# Bome's MIDI Translator not recognizing ETC Element as input



## GXander (Sep 8, 2015)

I am trying to send MIDI messages from an ETC Element to a computer running Bome's MIDI Translator v1.61 build 896. I am using a MIDI-USB interface from the game Guitar Hero. My computer is recognizing the Element as "GH MIDI INTERFACE," and Bome's MIDI Translator allows me to use this is an output, but not an input. I have the MIDI end of the adapter plugged into the MIDI out port on the Element, but I have tried it in both ports with the same result. I have also experienced this with two multi-port MIDI controllers. One was an M-Track and the other an emagic mt4.


----------



## themuzicman (Sep 8, 2015)

Do you have proper drivers for the MIDI interface installed on your computer?
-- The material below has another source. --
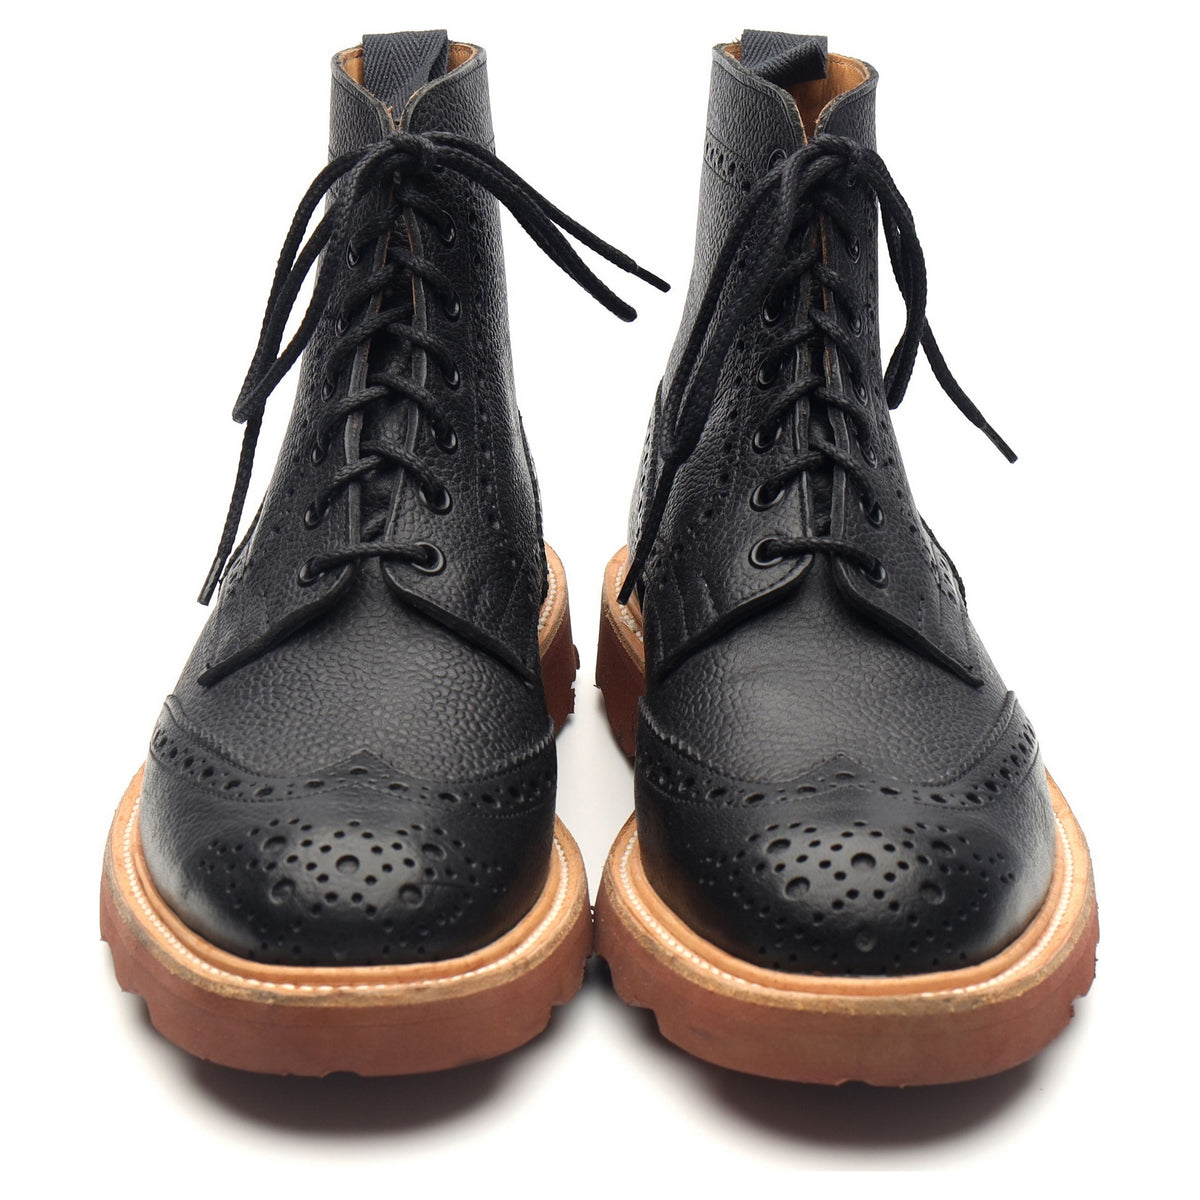 Black Leather Brogue Boots UK 6.5

Are you sure that the Element has MIDI Tx turned on? If If you're on a Mac use Snoize's MIDI Monitor, if you're on a PC use MIDI-OX and simply ensure that your computer is seeing an incoming MIDI stream.


----------



## GXander (Sep 8, 2015)

Thank you. I checked the MIDI TX, and it is on. MIDI-OX is saying that the computer has no MIDI inputs. Is there a driver for the Element that I will need to install, or is the driver for the USB-MIDI interface sufficient?


----------



## themuzicman (Sep 9, 2015)

The computer will never see the Element as a device, MIDI is MIDI, once it exits the console it is pure data as far as the computer is concerned. If MIDI-Ox isn't seeing the input MIDI device (your GH controller), chances are that is the weak link in your chain. In your windows settings can you see all your connected peripherals and see if the driver is installed for the GH controller? Make sure it's the OEM manufacturer driver and not a generic driver Windows update pulled off of their server. I would spend the $30 and just buy a solid name brand MIDI controller that has both an input and an output.


----------



## Amiers (Sep 9, 2015)

I have been using mine from M-Audio for 2 years now and have only had a handful of problems. It's called Midispoet Uno.

http://www.m-audio.com/products/view/uno


----------



## GXander (Sep 9, 2015)

I'll look into getting the right driver. I did use one from Windows Update, so maybe it wasn't correct. If that doesn't work, I will weigh buying a controller (the uno one should be at a nearby store) versus just getting someone to advance the projections or doing it myself. It's for a three night high school production, but a good MIDI interface could be useful in the future as well.


----------